Many western TV reporters scoffed at the idea as nonsense. After all, how could a Jewish President of Ukraine, Volodymyr Zelenskiy, allow Nazis to support the government?

Ever since 2015, the CIA has been running a training camp for Nazis in Ukraine, to act as a military deterrent to Russia. The US Congress passed a bill to fund the program, which is connected to the Pentagon.

Remember that it was the CIA program in Afghanistan that funded Osama bin Laden, and others following Radical Islam, to fight the Russians. That group became Al Qaeda and attacked NYC on 9/11, which in turn created the US war on Afghanistan and Iraq.

The CIA program 'Timber Sycamore' trained and funded Radical Islamic terrorists, that Washington called "Freedom Fighters", in Syria until 2017, when President Trump cut the program off.

The Nazi party of Hitler's Germany in WW2 was anti-Semitic. But the political ideology was fascist. The neo-Nazi groups in Ukraine are fascists, white supremacists, and anti-Russian. This allows the Ukrainian Nazis to partner with the Jewish President who is fighting Russia.

When the pro-Russian President of Ukraine was ousted, it was Nazis who fought to create a new Ukraine, devoid of Russian influence.

One of the first directives of the new Ukraine was to discharge all soldiers in the Ukrainian Army who were ethnically Russian. Suddenly, ethnic Russians in Ukraine were targeted as the enemy. Only the 'pure' Ukrainians deserved peace and prosperity in Ukraine. Those residents living in the far eastern regions on the border with Russia, who were ethnically Russian and spoke Russian, were targeted by the Nazi groups. Fighting broke out in a civil war, as the Russian speakers fought to defend themselves and their homes. This almost constant fighting in the Donbas region is the root cause of the current conflict between Ukraine and Russia.

Had the central government of Ukraine solved the issue of the Donbas before, and ordered the removal of the various Nazi militias from the area, the current conflict might have been avoided.

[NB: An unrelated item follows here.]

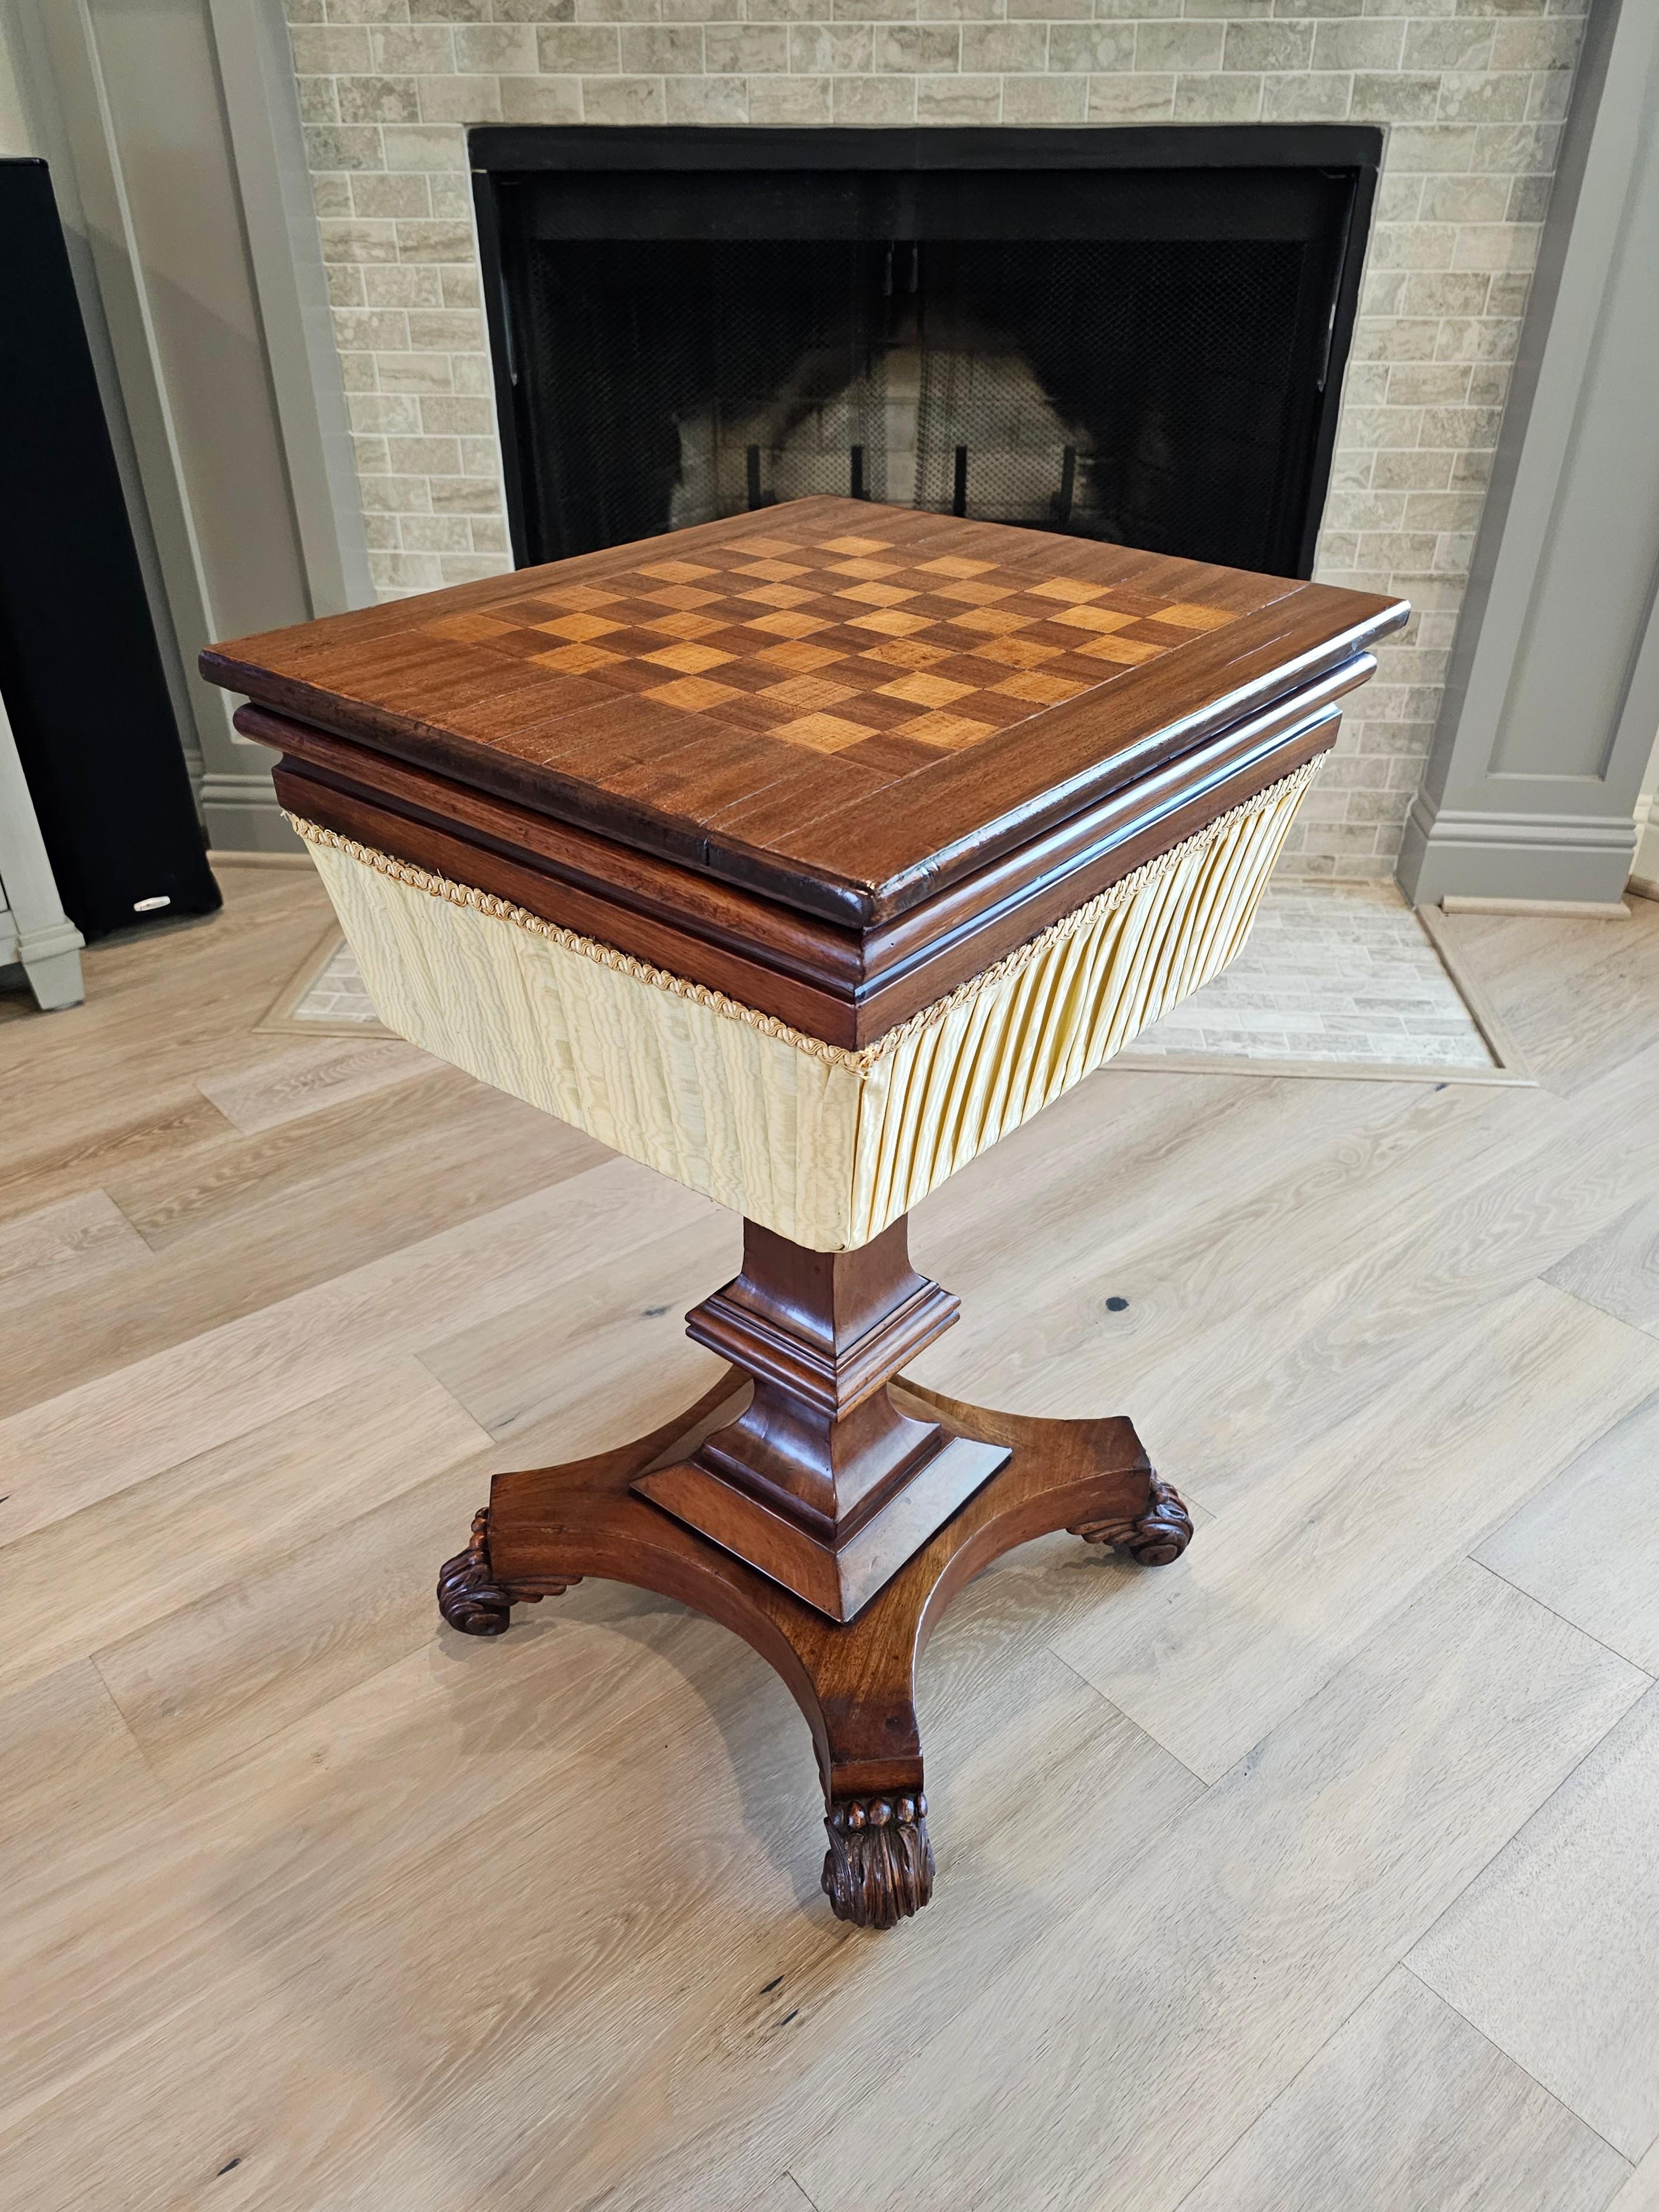 A period William IV English mahogany sewing stand work table with inlaid chessboard top. circa 1830s

Combining sophisticated elegance, warmth, and functional design, this outstanding example was born in England in the mid-19th century, exquisitely

There is a second cause of the conflict, which is the refusal of Ukraine and its US-NATO partners to consider the national security issues facing Russia after the NATO build-up in Eastern Europe brought NATO and its missiles pointing at Moscow literally on the border of Russia.

"Ukraine really does have a far-right problem, and it's not a fiction of Kremlin propaganda. And it's well past time to talk about it," explained journalist and expert on the Ukrainian far-right, Michael Colborne, who wrote a book on the Azov movement. The Azov Regiment dates back to early 2014 and is now an official unit of the Ukrainian National Guard, and its political wing the National Corps political party participated in the vote in the parliamentary elections in 2019. Colborne added, "The Azov movement tries to be a one-stop-shop for all things far-right. There's also a bevy of loosely affiliated but more extreme subgroups under its umbrella as well, including open neo-Nazis who praise and promote violence."

Ukraine is home to several nationalist paramilitary groups, such as the Azov movement, and Right Sector, which espouses neo-Nazi ideology. Svoboda is a far-right party that holds a seat in parliament.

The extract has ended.